**TASK GOAL**. The answer is the line containing "e r o k e e" plus every line after it to the end of the material, retyped exactly and without the pictures.

═══ SUPPLIED DATA ═══

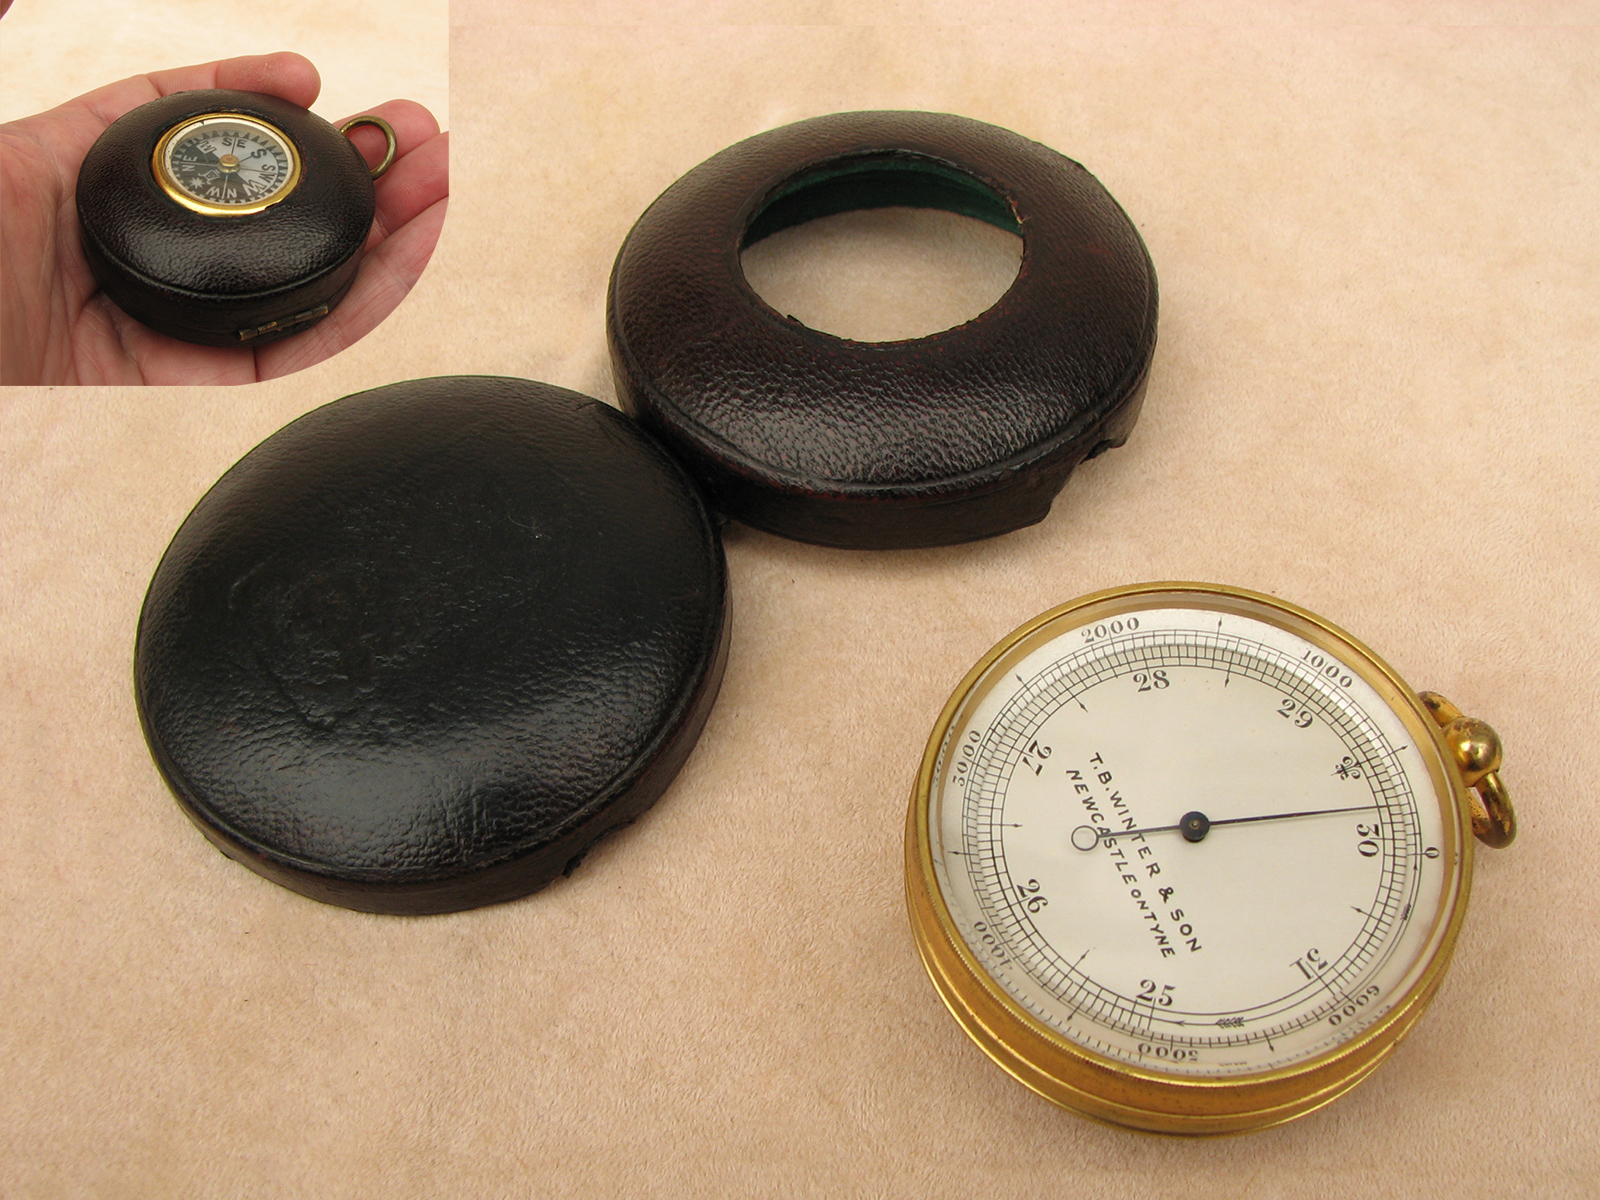 T.B. Winter & Son Victorian pocket barometer and compass compendium
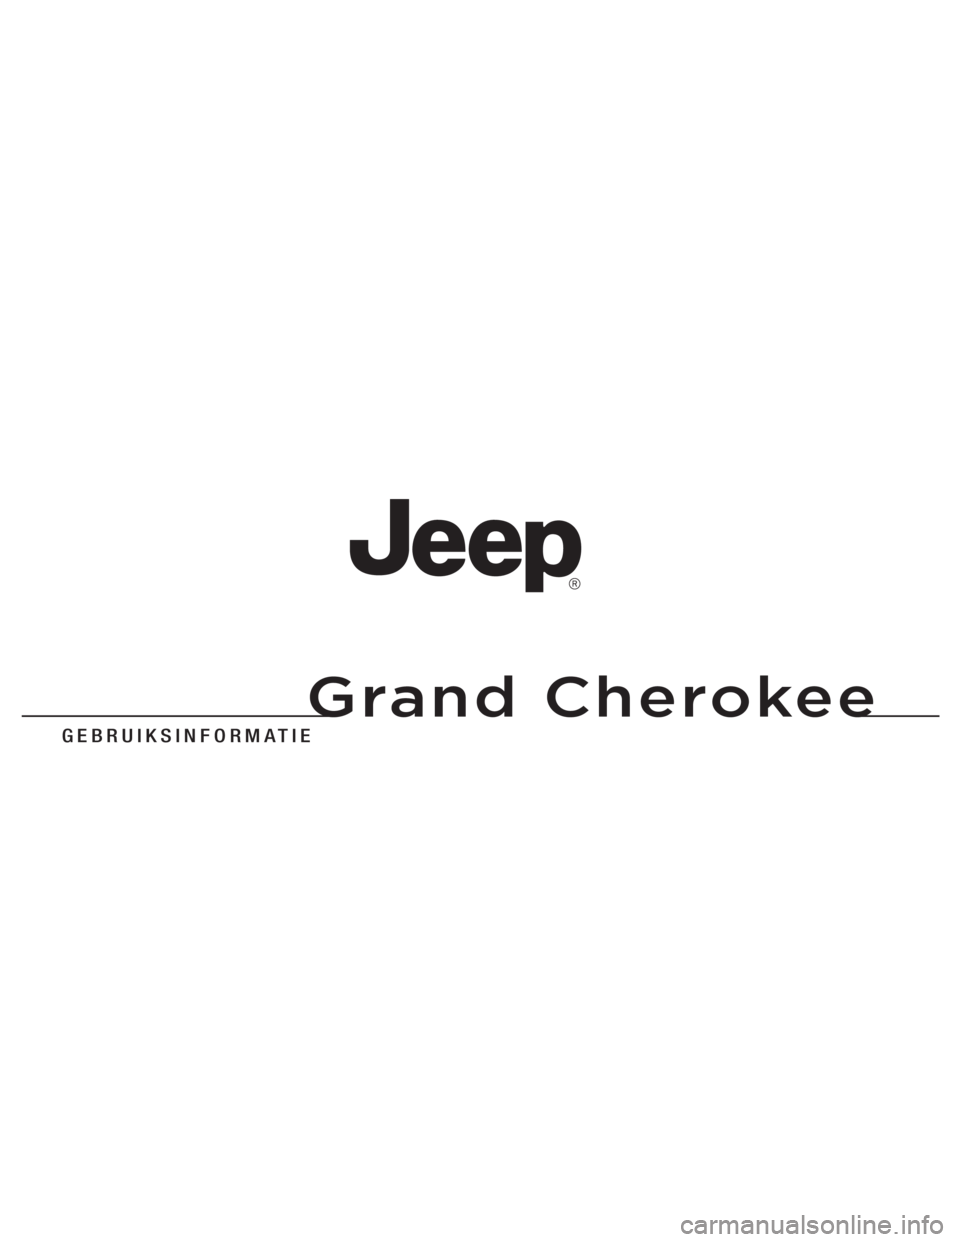 JEEP GRAND CHEROKEE 2012  Instructieboek (in Dutch) 
Grand Cherokee
G E B R U I K S I N \f O R M A \b I E
G r a n d   C h e r o k e e
11WK741-126-DUT-AA
                  \k        Gedruk\f in E\kur\bpa 11 
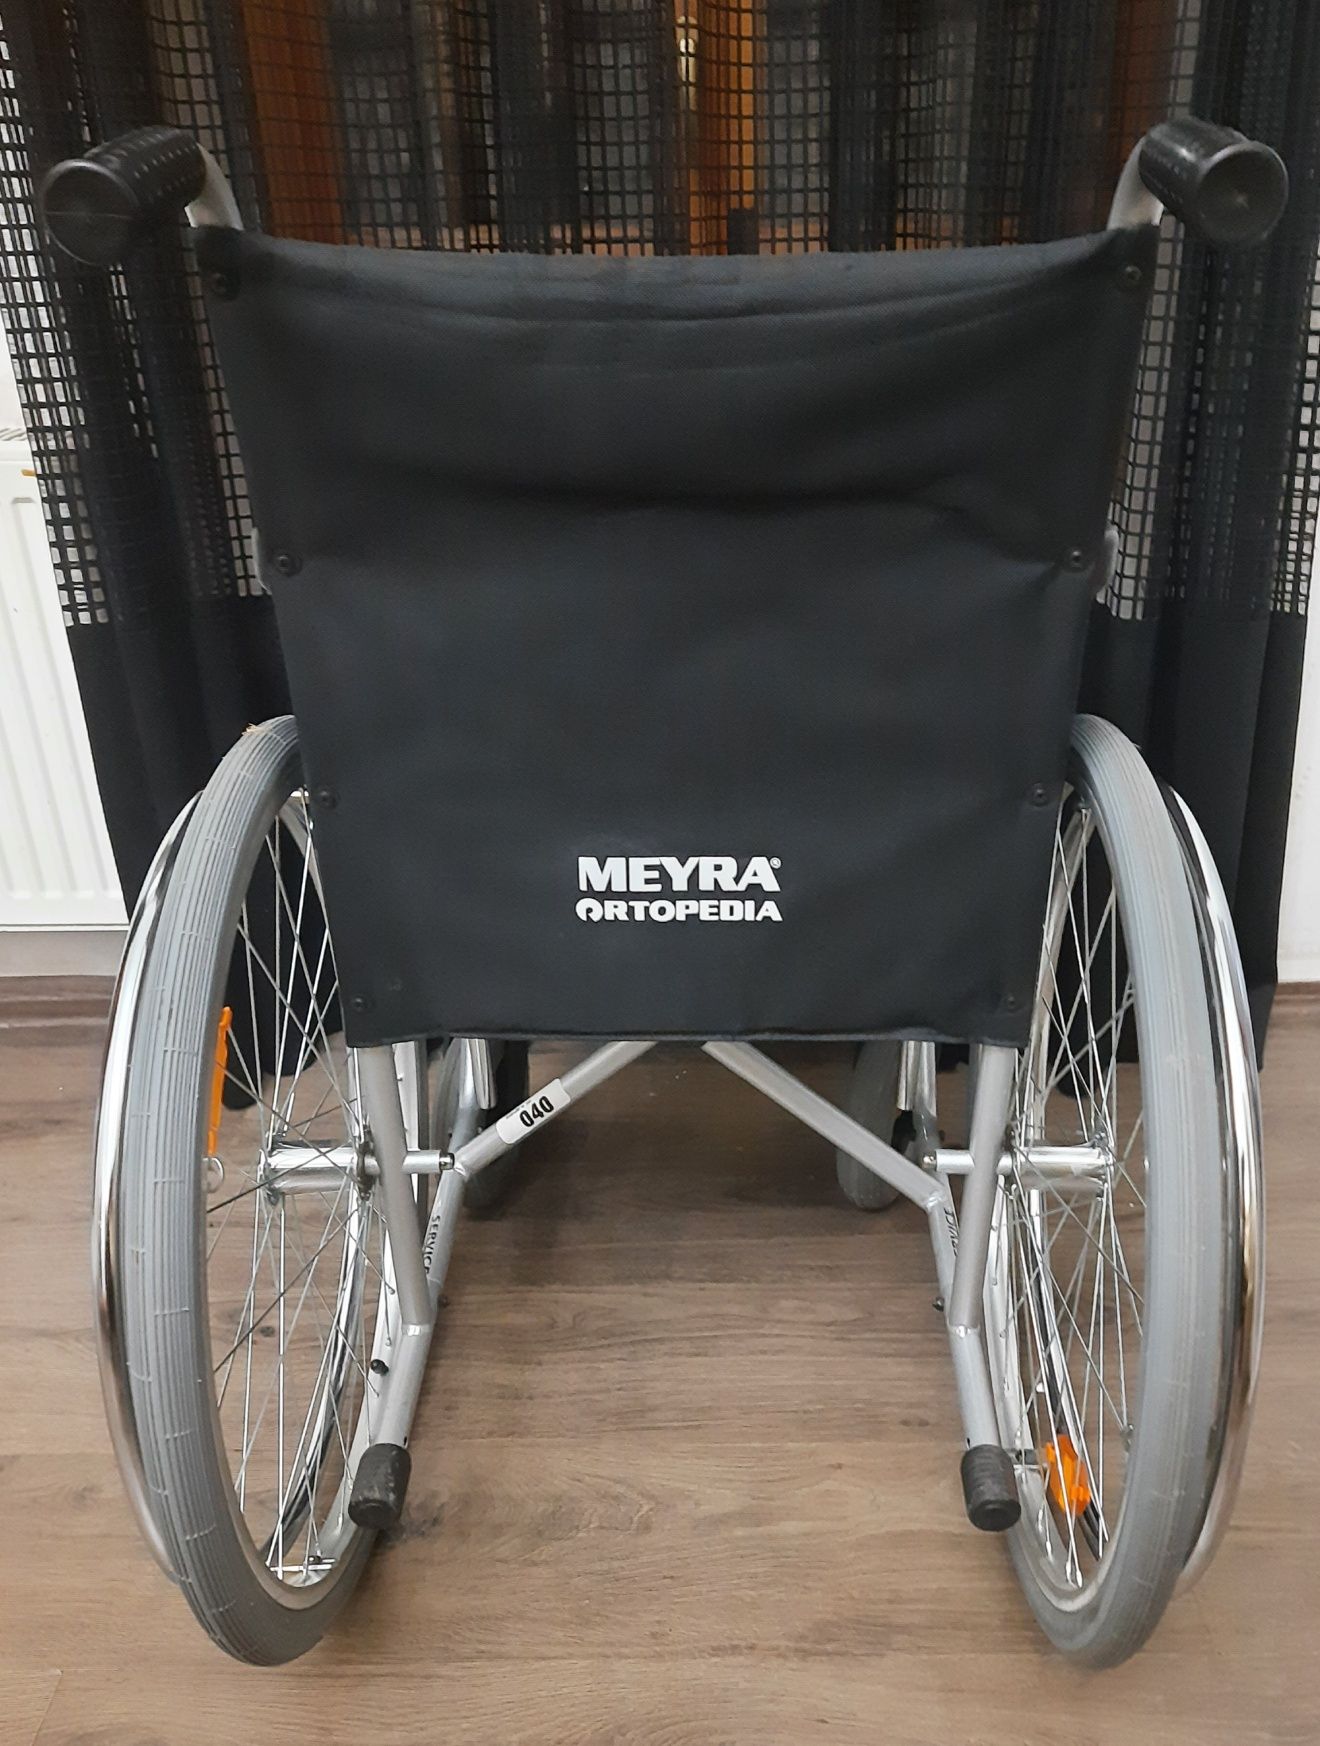 Инвалидная коляска продажа прокат и аренда 100% качество пр-во Германи

═══

**WRITTEN RESPONSE**.
G r a n d   C h e r o k e e
11WK741-126-DUT-AA
                  \k        Gedruk\f in E\kur\bpa 11 
 Инвалидная коляска продажа прокат и аренда 100% качество пр-во Германи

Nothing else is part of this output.